Conditional or Unconditional Love?

Thursday, January 27, 2022

A Short Section of the Shovelled Portions

After the Daylight is Spent

as Well as My Capacity,

Energy, and

Back

are

Done.

Psalm 103:17-18

But the steadfast love of the Lord is from everlasting to everlasting on those who fear him, and his righteousness to children’s children, to those who keep his covenant and remember to do his commandments.

Hebrews 13:8

Jesus Christ is the same yesterday and today and for ever.

Words of Grace For Today

The drive in here, into the meadow in the woods by the lake, from the gravel road that is maintained by the MD is nearly a kilometre long.

Most years the snow and rain make it challenging though not impossible to make the trek when needed to get supplies, food, and water.

Today that seems to have changed and to find out whether that has changed is to risk getting stuck in hard, cold, soft and freezing and hard frozen ice and snow smothered with rain over the last few hours.

Whether I can make transit that fist kilometre or not is entirely up to what I do in preparation. It is at least a two week task to try to shovel the worst parts free and clear down to the hard packed snow-ice that has developed over the last months from November on. There is no need to wish I had shovelled it regularly as the snows fell. First I had lots of other work to do to survive the winter so far, with it’s plentiful snow and it’s deep hard cold for days below -35⁰ and weeks below -25⁰. Second, the task of shovelling that kilometre once would take about a week of constant work, pushing my old body to it’s limits each day. By then the next snow would have fallen and I’d have had to start all over again … meaning I would have been shovelling snow constantly for months now and doing little else … when there is lots that has to be done to survive without a home in the woods next to a lake, even if that is all a huge blessing from God. So no regrets that I drove that kilometre as I could, dragged two logs behind to bounce a bit of the snow to the side and pack the remaining in a hardened roadway that I could drive over.

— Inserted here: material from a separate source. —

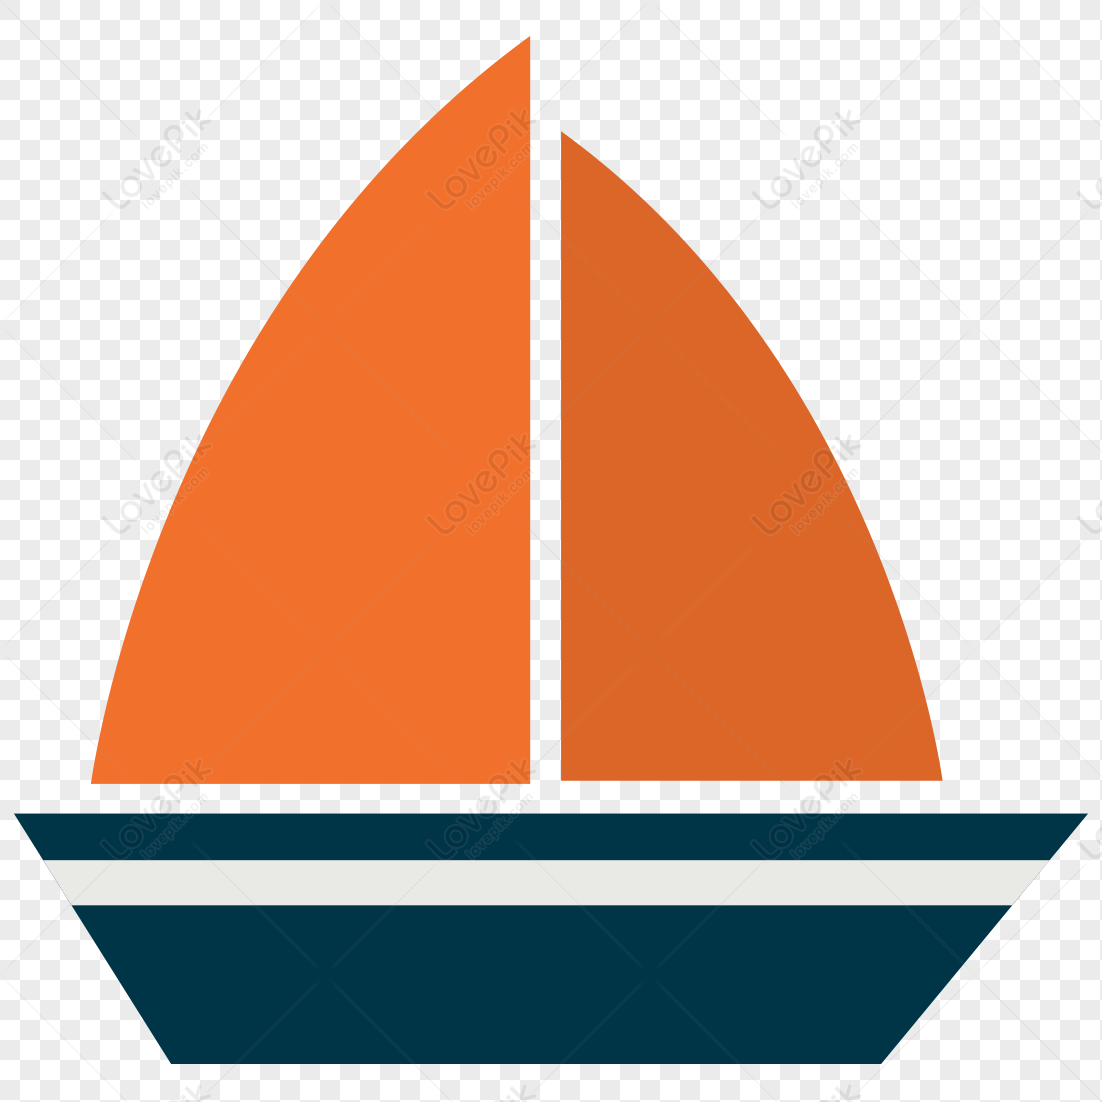 Sailboat, orange shapes, blue sail, blue icon png free download

With the warming to above zero and the accompanying thaw, with the rain that has drenched the snow and with the freeze coming again that will turn it all into slippery ice, that kilometre will not be ‘miraculously’ ‘fahrbar’ (drive-able). The drive-ability of that kilometre depends now almost entirely on how much I shovel, where I shovel, how far down I shovel and if I survive (no heart attack or stroke or back spasms laying me flat in the snow for days while I freeze to death, or any other of a host of ways that shovelling could put me down.)

That’s a reality that is conditional, conditional on what I do.

God’s grace, forgiveness, claim on us, and mission that we are sent back into the world to work at is not conditional at all. God’s blessings and favour are not conditional on anything we do. That God blesses us and favours us is entirely unconditional! It depends only on God’s steadfast, never changing, never failing love and grace.

We humans do not like to be so dependent on any one or thing other than ourselves. So we, along with great words of God’s grace and steadfast love, have repeatedly perverted God’s promises into being conditional on our responses to God’s grace and steadfast love. Thus Psalm that teaches (wrongly) that God’s blessings and favour for us and our children and their children and all people is conditional on us keeping his covenant and remembering to do his commandments.

That condition sets us up to strive to be and do what we cannot be or do: perfect. And it gives control of our lives over to others who interpret our being and doing as sufficiently good enough or not.

God’s grace and steadfast love are not conditional.

God sends us out to be and do that same unconditional grace and love for all people.

Are we up to the mission? It does take every bit of life we have in us, and often more.